Now, the work force is one thing. Adults have jobs they can handle it. The school systems making students attend a full week this week should be ASHAMED. I know different school systems across the country are operating on different calendars but New York City Dept of Ed has a full Monday to Friday schedule this week. 

That means across this (sometimes) great city, kids are forced to sit at their desks from 8am- 3pm on all days including December 23rd. In what world is this fair, or productive? We all know nothing gets done Christmas week especially in grade school. Teachers close up the textbooks, put away the lesson plans and roll out the DVD's. Geometry takes a back seat to Frosty the Snowman. Tests are gone, and paper snowflakes are made until you are blue in the face. 

The teachers in grade school talk to you like an idiot and make it seem like they are doing you a favor and this is a "special treat" as long as you keep your voice down, meanwhile the principal has been in on this "week off" since they set the calendar the year before.

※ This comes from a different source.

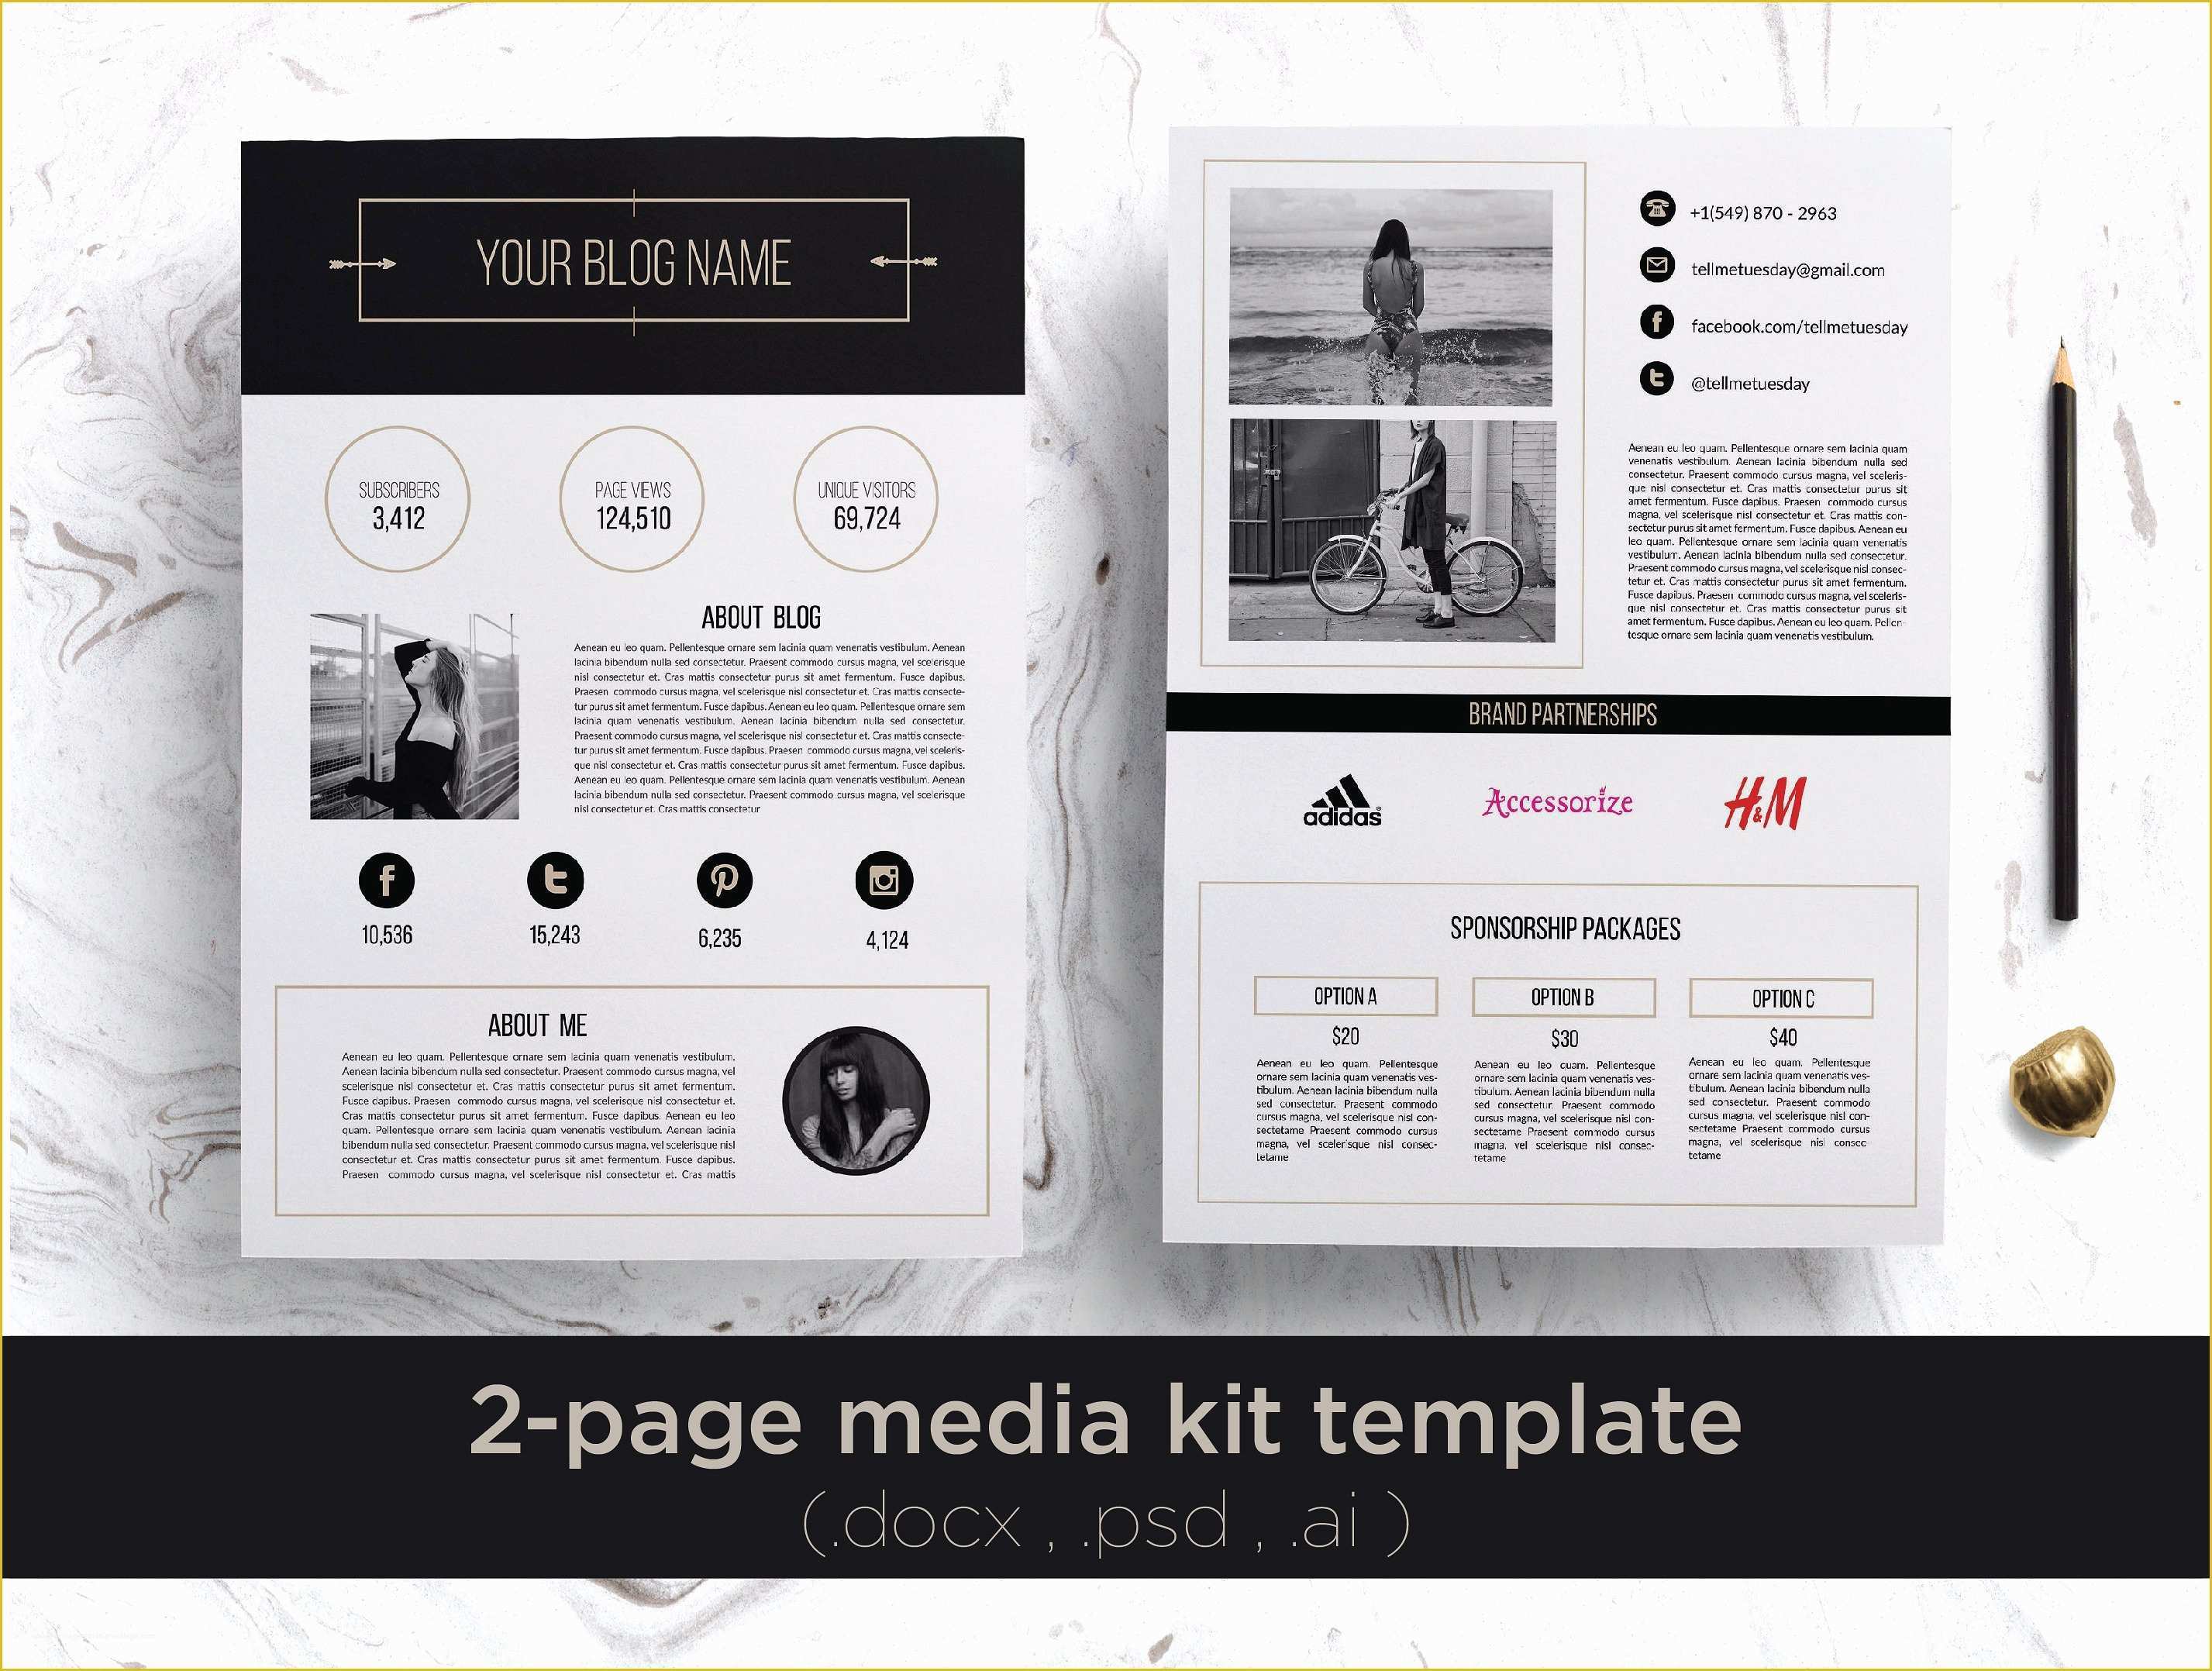 Free Press Kit Template Psd Of 2 Page Media Kit Template Stationery Templates

They know it's a joke week and if it was up to them they would give their staff off, but they answer to the city so they shut up, show up and mail it in. Nowhere on the calendar does it say what kind of schoolwork needs to be done, just that you have to be there. 

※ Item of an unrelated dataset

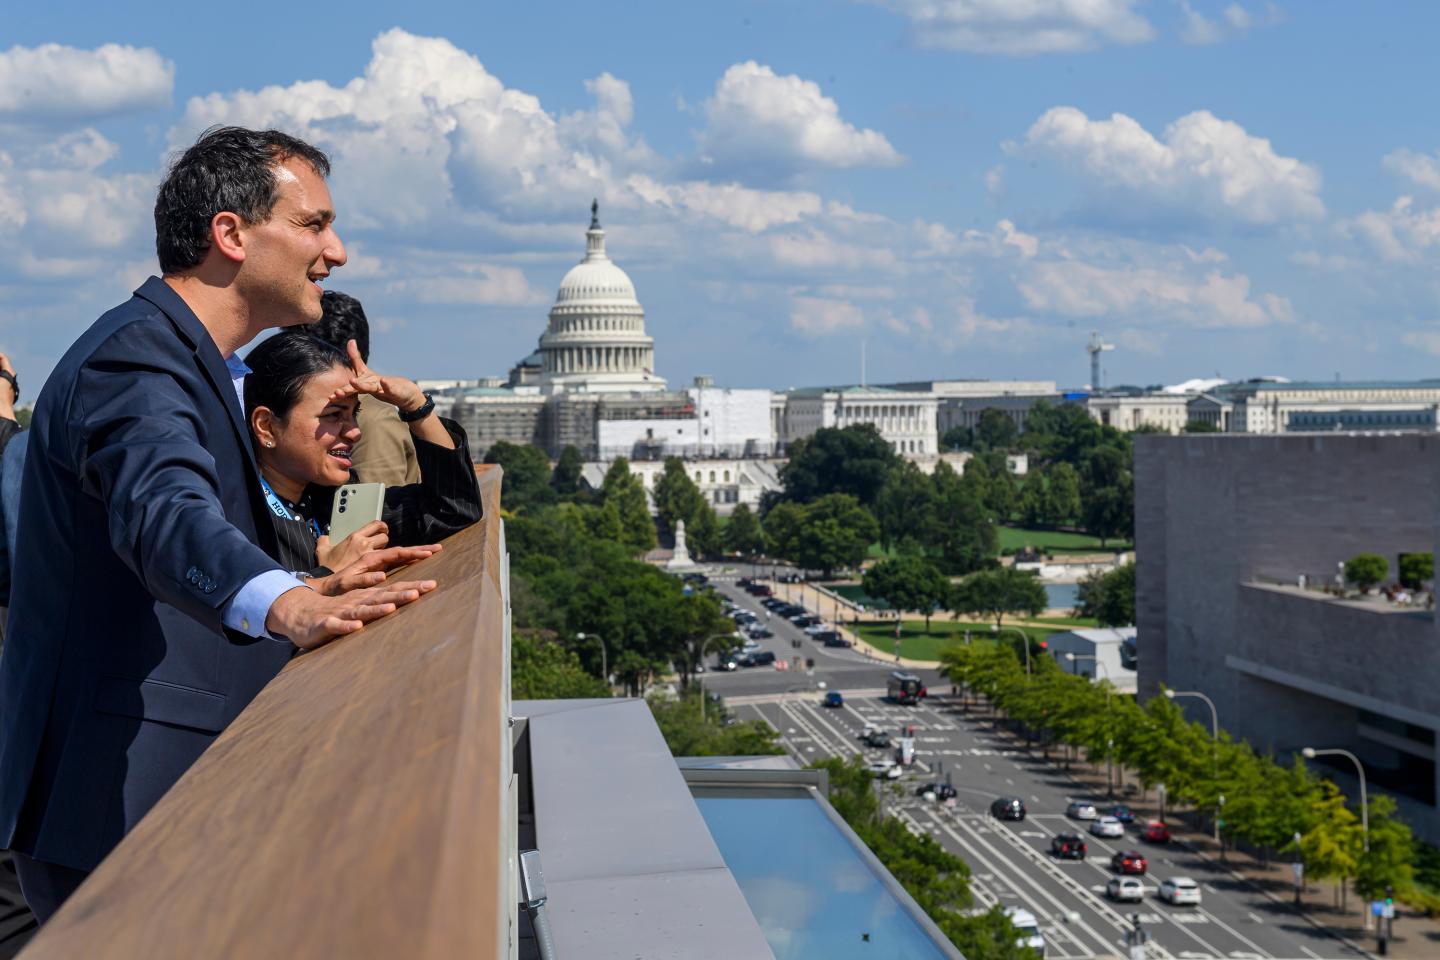 Two people stand on the roof and look out on Pennsylvania Avenue; the U.S. Capitol dome is prominently visible in the background

In high school, the teachers are a little more up front with the plans. I had one flat out say, "I went out with my friends last night, and I'm going out again tonight. There's no lesson plan just sit and talk quietly for 45 mins without any problems and let's all get the hell out of here." in the middle of the week. There's usually some kind of mass if you got to a catholic school or pageant or assembly if you go to a public school which they know is just a way to waste 45 minutes to an hour of the pointless day of the pointless week. Everyone there talks the same way, "This is a total waste of time." 

Which brings me to my conclusion / summary that while the schools that have to answer to city organizations are somewhat in the clear for making students go all week. Their hands are essentially tied. They can't just give days off when they report up to bigger figures. It's how shit goes. Now, those schedule makers in the city need to have their heads examined if they think anything productive has ever been accomplished in academia the week of Christmas week. 

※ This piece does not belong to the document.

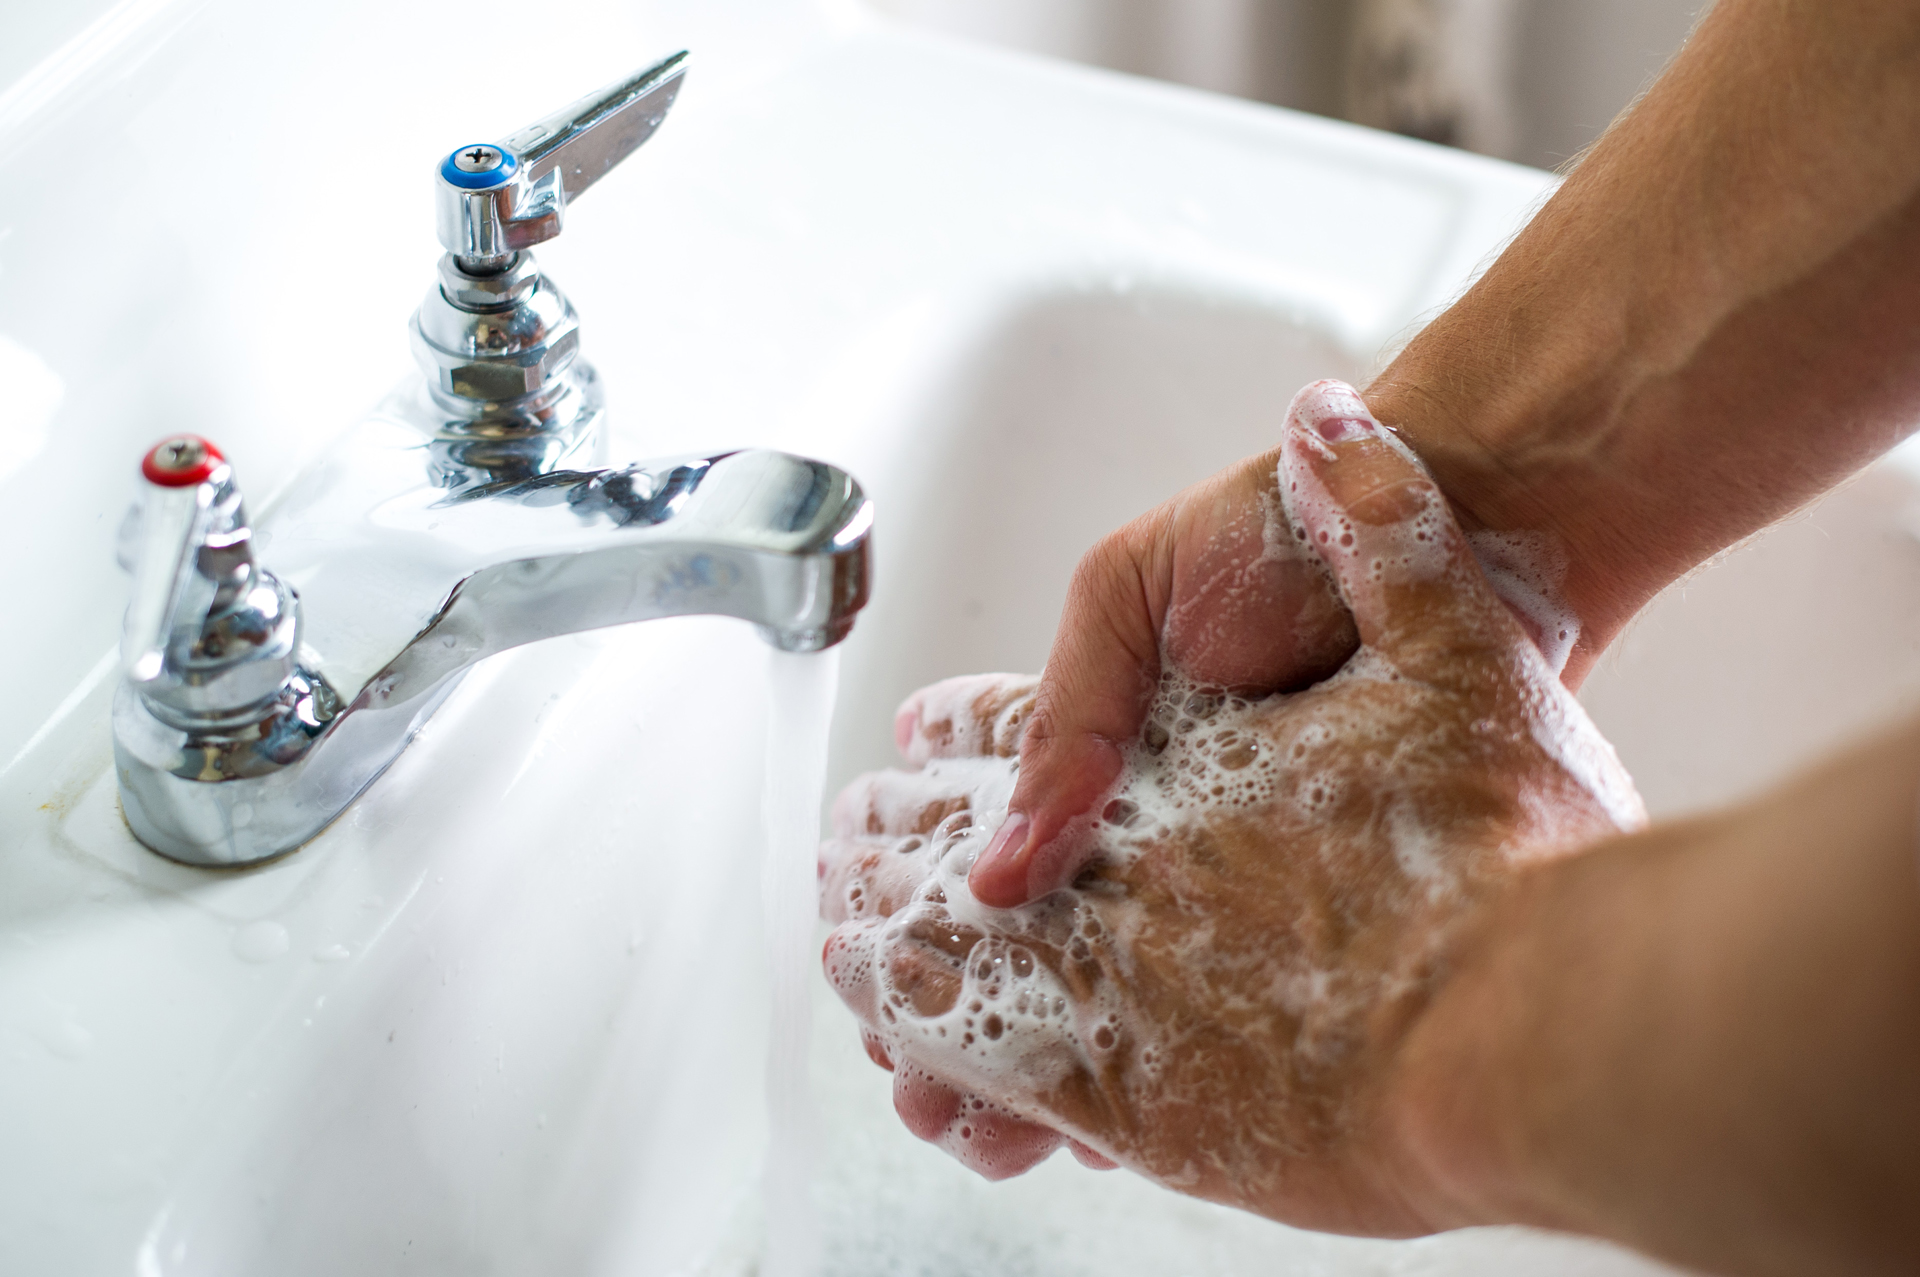 Why You Should Avoid Soaps Labeled “Anti-Bacterial”

However, the schools that set their own calendar (ie- pick the days they are in operation) should be disbanded and face fines if they willingly send students and staff into the building for full days Monday to Friday, including the last just 2 days before Christmas. Absolute lunacy, and if you know of these schools or work at or attend one of them you should rethink everything because they have no brains. 

Lastly, you are probably asking what I would do in cases like this year? Well January 3rd return sadly is kind of just how it is, it's sucks ass but thats how it goes. At least you got Monday off, that's how the cookie crumbles. 

Regarding Christmas week I would go half day Wednesday (with the morning session dedicated entirely to class parties or a school assembly) and then done for the week in an ideal world. In a school where you really want to be sticklers, half day Thursday but even that's nuts. Let the kids go home, let the staff go home. Deep clean the building and go enjoy yourselves. It's Christmas for God's sake.